Suure-Jaani Gained a Chunk of a Town (centre)

Architecture: Alvin Järving, Mari Rass, Ott Alver, Kaidi Põder, Katrin Vilberg, Gert Guriev, Liina-Liis Pihu, Märten Peterson / Arhitekt Must
Interior architecture: Riin Kärema, Kerli Lepp, Mari Põld / Kuup Disain
Engineering: Teet Dooner, Anna Grishina / Novarc Group
Commissioned by: Põhja-Sakala municipality, Suure-Jaani Health Centre
Competition breaf: Toomas Paaver
Constructed by: Eviko (building), Kivipartner (outdoor area)
Plot surface area: 0.8ha
Building net surface area: 3100m2
Project: 2015-2017
Construction: 2017-2019

Careful homework on selecting the location for Suure-Jaani health centre, the wise decisions made by the local government as well as drawing together a number of public functions have provided the means for the emergence of very good architecture and the future town centre of Suure-Jaani.

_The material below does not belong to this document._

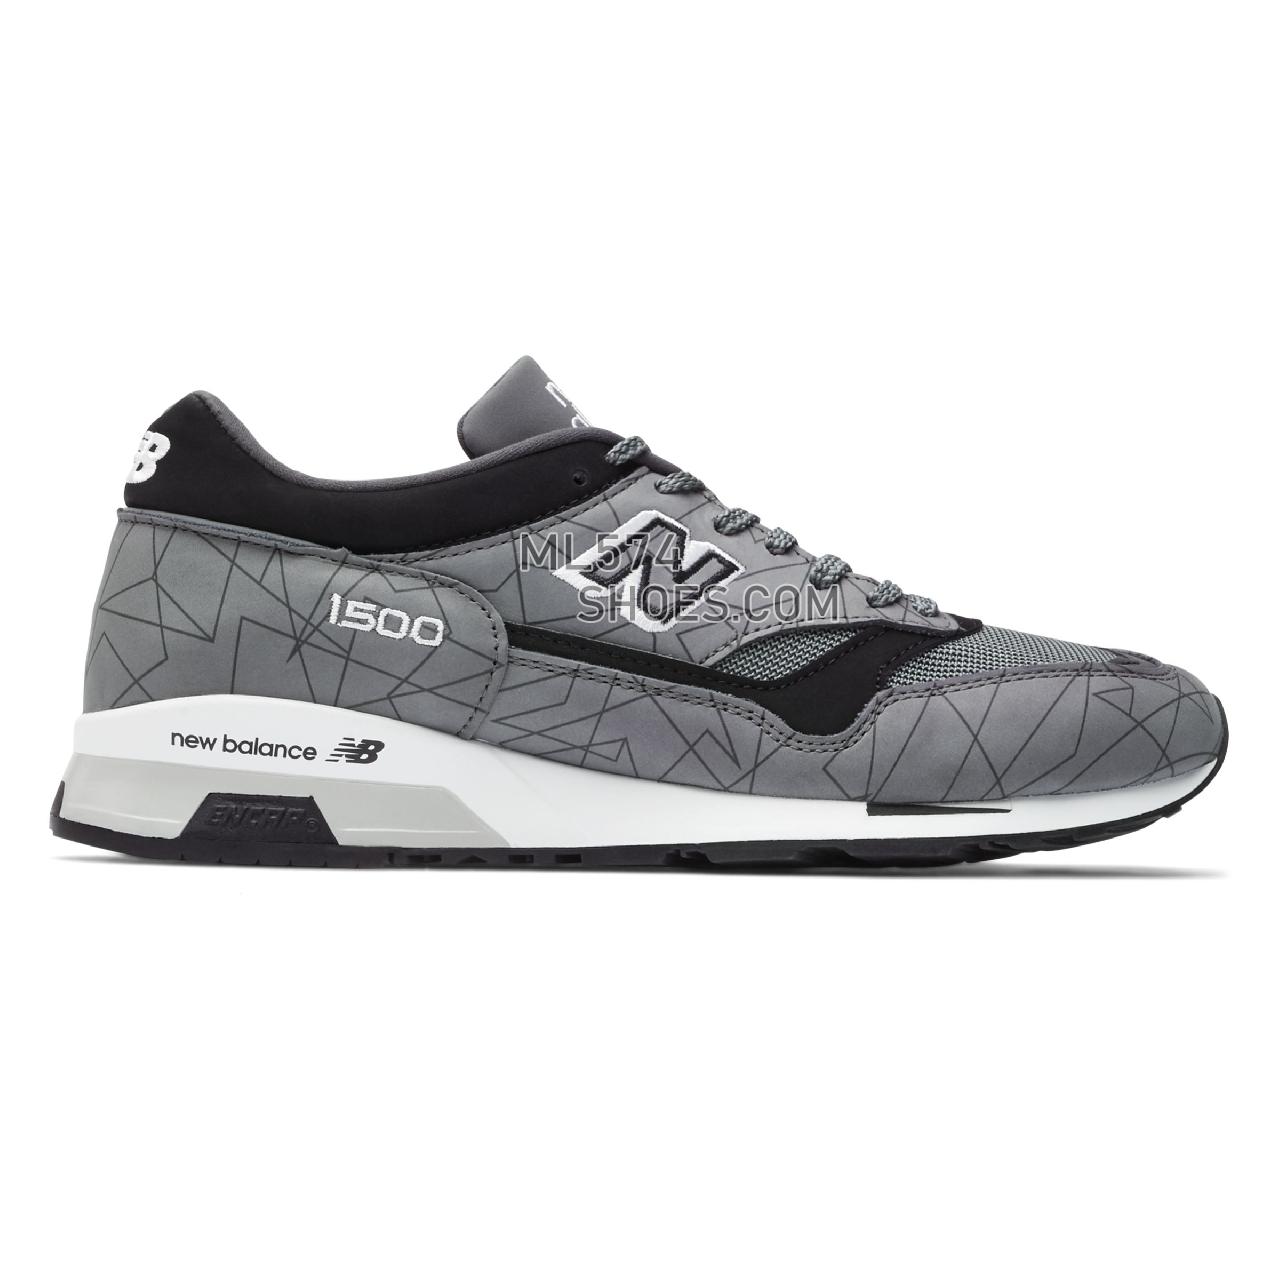 New Balance MADE in UK 1500 - Men's Made in USA And UK Sneakers - Black with White and Silver - M1500PNU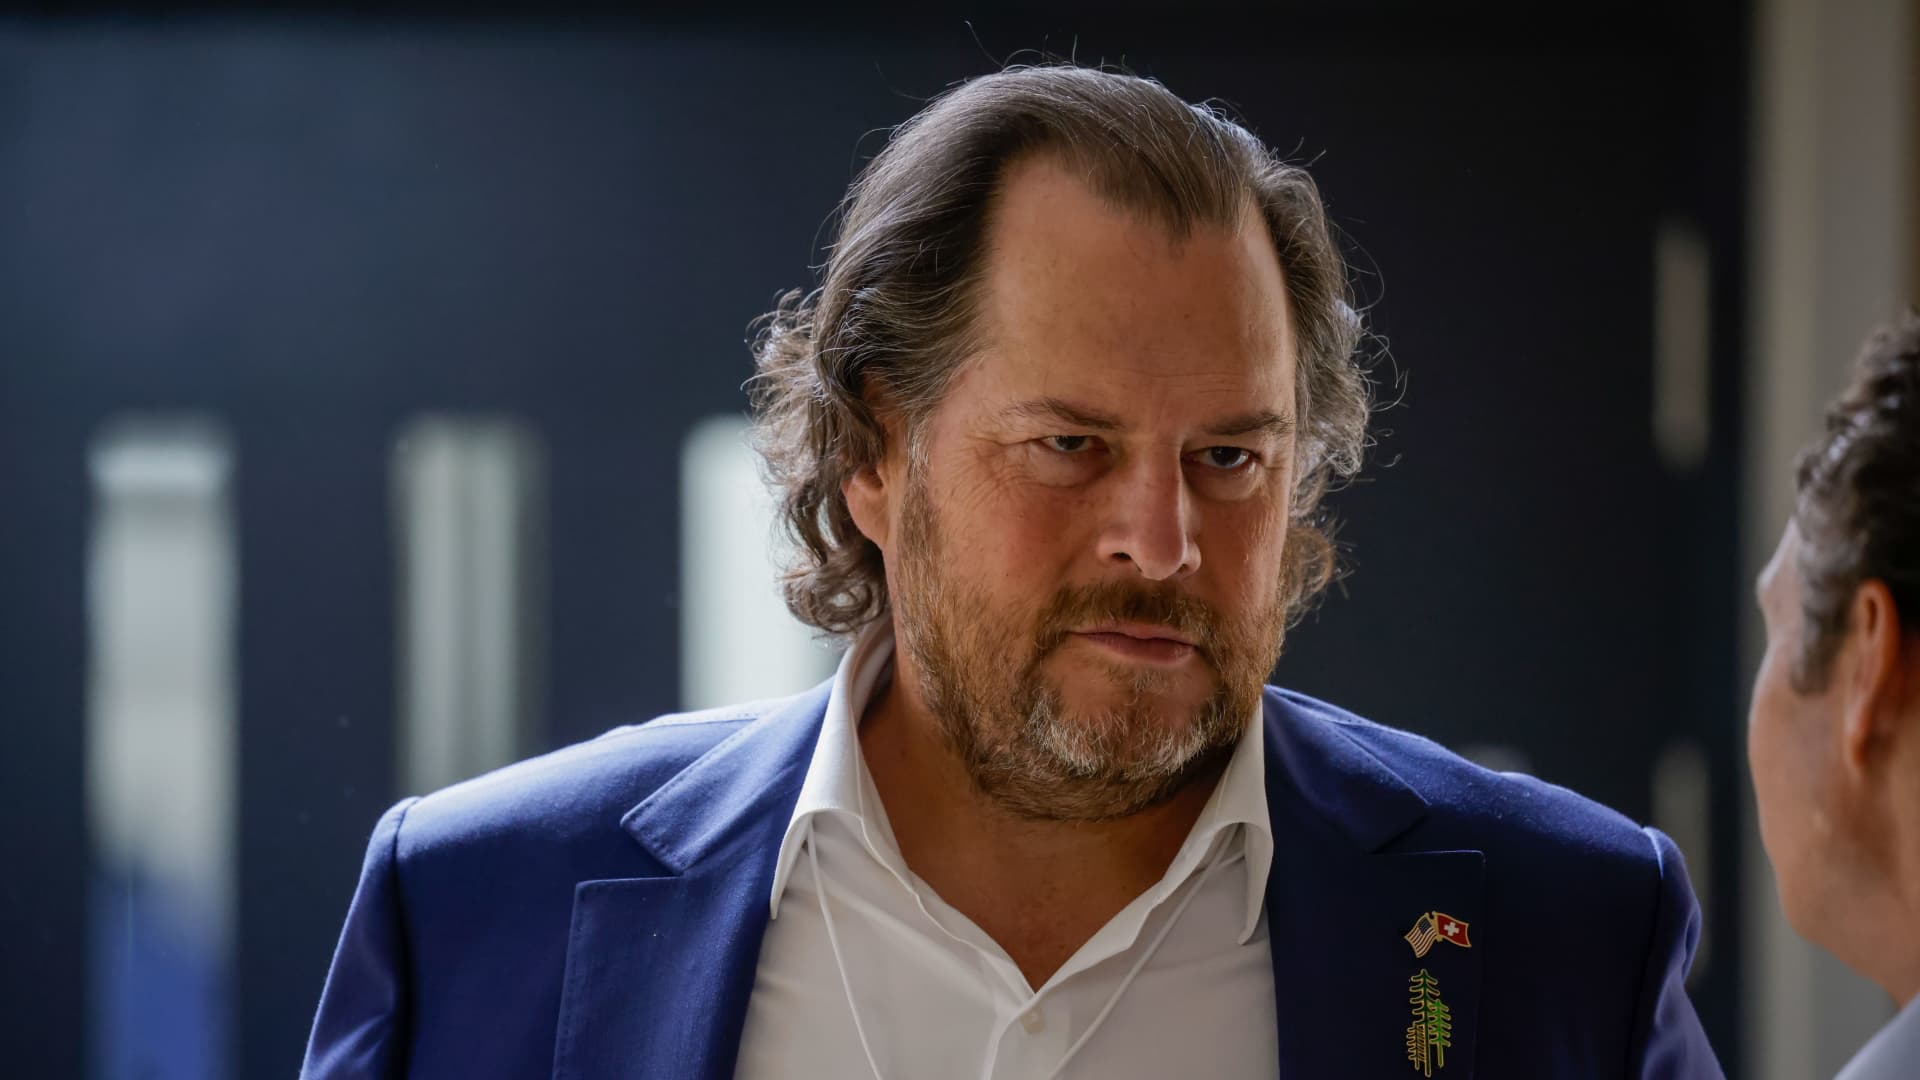 Salesforce co-CEO Marc Benioff hints at more potential layoffs after this week's job cuts

Suure-Jaani and its new health centre are great places. Estonian small towns and boroughs have long been under the pressure of declining population and spatial shrinkage. This has largely been the result of the general trends in the society while, on the other hand, the situation has also begun to generate a new reality by itself. The employers claim that they cannot develop their business in small areas due to lack of labour force. People, in turn, wish to leave small places as there are no jobs. However, in the light of the general depopulation pattern, the number of jobs available is only one of the issues, while an important role is also played by the surroundings (both built and natural environment) and the availability of educational, healthcare and recreational services. All the above are vital for leading a good and comfortable life and there is no single template for the order and volume in which it should be developed.

The local government of Suure-Jaani has made a clear and bold decision to invest in the development of decent living standards and to provide the means for a better life with a new, modern and ambitious environment – all of which the health centre undoubtedly is. 

Photo: Kristian Lust

A separate issue here is the programmatic layout of the new central buildings developed by the local governments of small towns. On the one hand, it seems reasonable to solve as many local problems as possible with one building where they could gather all the public functions in desperate need for new facilities. On the other hand, it also means that many buildings and spaces would thus be left redundant and the already limited number of potential tenants in the rental market will decrease further. Placing several important public services in one building and location could also have a paralysing effect on the rest of the urban structure, only intensifying its shrinkage.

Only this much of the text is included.